TO DO. Find the lines below in which the string "Sale" occurs. Copy each one.

AVAILABLE DATA.
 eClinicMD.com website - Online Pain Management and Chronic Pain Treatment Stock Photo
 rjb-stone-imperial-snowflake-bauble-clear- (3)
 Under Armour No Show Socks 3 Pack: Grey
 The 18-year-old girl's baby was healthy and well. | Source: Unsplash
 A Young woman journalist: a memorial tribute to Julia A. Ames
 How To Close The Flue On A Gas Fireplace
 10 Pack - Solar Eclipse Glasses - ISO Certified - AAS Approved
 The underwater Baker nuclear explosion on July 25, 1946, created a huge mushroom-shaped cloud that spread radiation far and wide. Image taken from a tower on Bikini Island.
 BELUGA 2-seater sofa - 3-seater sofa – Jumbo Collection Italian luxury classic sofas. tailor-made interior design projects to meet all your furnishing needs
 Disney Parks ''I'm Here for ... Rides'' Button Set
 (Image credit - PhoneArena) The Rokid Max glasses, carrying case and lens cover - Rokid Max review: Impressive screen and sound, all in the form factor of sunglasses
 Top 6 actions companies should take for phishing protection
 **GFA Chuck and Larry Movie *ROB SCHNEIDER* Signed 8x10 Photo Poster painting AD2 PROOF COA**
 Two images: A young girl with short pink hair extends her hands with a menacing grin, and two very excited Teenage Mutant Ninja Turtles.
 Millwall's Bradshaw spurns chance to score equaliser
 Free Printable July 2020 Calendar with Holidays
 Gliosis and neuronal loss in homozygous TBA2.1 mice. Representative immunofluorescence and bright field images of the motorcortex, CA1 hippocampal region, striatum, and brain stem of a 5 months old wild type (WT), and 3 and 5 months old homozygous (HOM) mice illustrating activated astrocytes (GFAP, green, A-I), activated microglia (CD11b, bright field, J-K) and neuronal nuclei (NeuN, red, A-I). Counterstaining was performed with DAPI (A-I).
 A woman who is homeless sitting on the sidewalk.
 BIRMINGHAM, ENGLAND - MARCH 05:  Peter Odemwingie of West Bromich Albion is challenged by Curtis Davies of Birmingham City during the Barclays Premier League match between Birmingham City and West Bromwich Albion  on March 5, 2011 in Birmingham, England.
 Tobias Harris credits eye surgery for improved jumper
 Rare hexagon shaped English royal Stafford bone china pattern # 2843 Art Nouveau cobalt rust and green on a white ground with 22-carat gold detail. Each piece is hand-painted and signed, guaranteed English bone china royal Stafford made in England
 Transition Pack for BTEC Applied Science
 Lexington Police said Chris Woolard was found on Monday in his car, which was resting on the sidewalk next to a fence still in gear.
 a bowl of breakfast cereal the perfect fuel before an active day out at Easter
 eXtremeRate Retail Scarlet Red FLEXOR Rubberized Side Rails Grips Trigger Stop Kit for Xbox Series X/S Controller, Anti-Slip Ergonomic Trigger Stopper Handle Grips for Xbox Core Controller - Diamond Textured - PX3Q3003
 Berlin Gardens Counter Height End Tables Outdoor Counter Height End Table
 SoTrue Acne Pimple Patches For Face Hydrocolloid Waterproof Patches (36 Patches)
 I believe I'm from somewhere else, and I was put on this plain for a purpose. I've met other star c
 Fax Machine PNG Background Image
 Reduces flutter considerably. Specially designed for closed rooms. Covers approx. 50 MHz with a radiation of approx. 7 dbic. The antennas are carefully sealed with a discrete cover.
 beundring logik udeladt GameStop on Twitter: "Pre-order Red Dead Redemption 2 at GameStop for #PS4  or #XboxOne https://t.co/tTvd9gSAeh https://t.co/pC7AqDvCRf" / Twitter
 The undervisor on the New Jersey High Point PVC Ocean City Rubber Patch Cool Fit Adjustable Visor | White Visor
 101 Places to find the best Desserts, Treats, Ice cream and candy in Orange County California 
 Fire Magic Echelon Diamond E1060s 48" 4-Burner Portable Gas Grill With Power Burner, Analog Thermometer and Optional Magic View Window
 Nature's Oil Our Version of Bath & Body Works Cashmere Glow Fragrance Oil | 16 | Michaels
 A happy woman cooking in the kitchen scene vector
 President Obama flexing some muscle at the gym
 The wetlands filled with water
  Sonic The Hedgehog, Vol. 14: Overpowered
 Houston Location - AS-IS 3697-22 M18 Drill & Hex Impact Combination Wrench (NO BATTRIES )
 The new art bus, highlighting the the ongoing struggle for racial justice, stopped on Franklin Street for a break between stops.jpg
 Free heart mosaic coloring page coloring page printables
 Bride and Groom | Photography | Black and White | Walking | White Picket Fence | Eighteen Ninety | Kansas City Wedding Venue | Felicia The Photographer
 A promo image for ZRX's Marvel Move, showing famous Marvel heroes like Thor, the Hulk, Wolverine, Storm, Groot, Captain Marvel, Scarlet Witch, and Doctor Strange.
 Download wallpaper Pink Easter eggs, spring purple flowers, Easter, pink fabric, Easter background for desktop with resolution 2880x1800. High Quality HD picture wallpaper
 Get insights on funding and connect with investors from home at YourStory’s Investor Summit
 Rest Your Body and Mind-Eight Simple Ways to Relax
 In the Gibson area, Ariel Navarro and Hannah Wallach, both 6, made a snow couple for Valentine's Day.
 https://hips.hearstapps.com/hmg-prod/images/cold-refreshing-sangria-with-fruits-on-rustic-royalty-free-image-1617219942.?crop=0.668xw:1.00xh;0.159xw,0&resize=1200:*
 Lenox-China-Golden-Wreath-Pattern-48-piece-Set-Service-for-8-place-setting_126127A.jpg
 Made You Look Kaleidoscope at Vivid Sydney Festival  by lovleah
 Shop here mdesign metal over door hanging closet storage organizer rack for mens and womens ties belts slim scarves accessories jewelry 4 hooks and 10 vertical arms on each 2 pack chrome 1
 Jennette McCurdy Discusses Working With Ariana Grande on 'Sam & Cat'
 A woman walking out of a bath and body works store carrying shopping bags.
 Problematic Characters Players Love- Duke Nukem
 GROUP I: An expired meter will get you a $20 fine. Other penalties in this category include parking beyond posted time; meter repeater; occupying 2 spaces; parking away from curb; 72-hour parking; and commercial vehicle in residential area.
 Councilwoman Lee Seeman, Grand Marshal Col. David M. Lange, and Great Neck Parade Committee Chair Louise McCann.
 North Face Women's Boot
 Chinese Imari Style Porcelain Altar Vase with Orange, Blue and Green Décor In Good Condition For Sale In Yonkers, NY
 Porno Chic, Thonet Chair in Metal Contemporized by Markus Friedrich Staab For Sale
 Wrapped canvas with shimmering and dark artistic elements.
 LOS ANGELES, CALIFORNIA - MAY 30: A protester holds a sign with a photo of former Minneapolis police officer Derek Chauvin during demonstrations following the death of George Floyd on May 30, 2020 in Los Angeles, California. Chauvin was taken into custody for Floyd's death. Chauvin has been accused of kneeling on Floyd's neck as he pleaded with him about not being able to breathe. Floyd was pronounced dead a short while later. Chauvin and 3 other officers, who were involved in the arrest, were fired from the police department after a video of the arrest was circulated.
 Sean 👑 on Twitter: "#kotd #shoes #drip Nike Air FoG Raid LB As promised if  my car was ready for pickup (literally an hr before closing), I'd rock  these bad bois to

REPLY.
 Chinese Imari Style Porcelain Altar Vase with Orange, Blue and Green Décor In Good Condition For Sale In Yonkers, NY
 Porno Chic, Thonet Chair in Metal Contemporized by Markus Friedrich Staab For Sale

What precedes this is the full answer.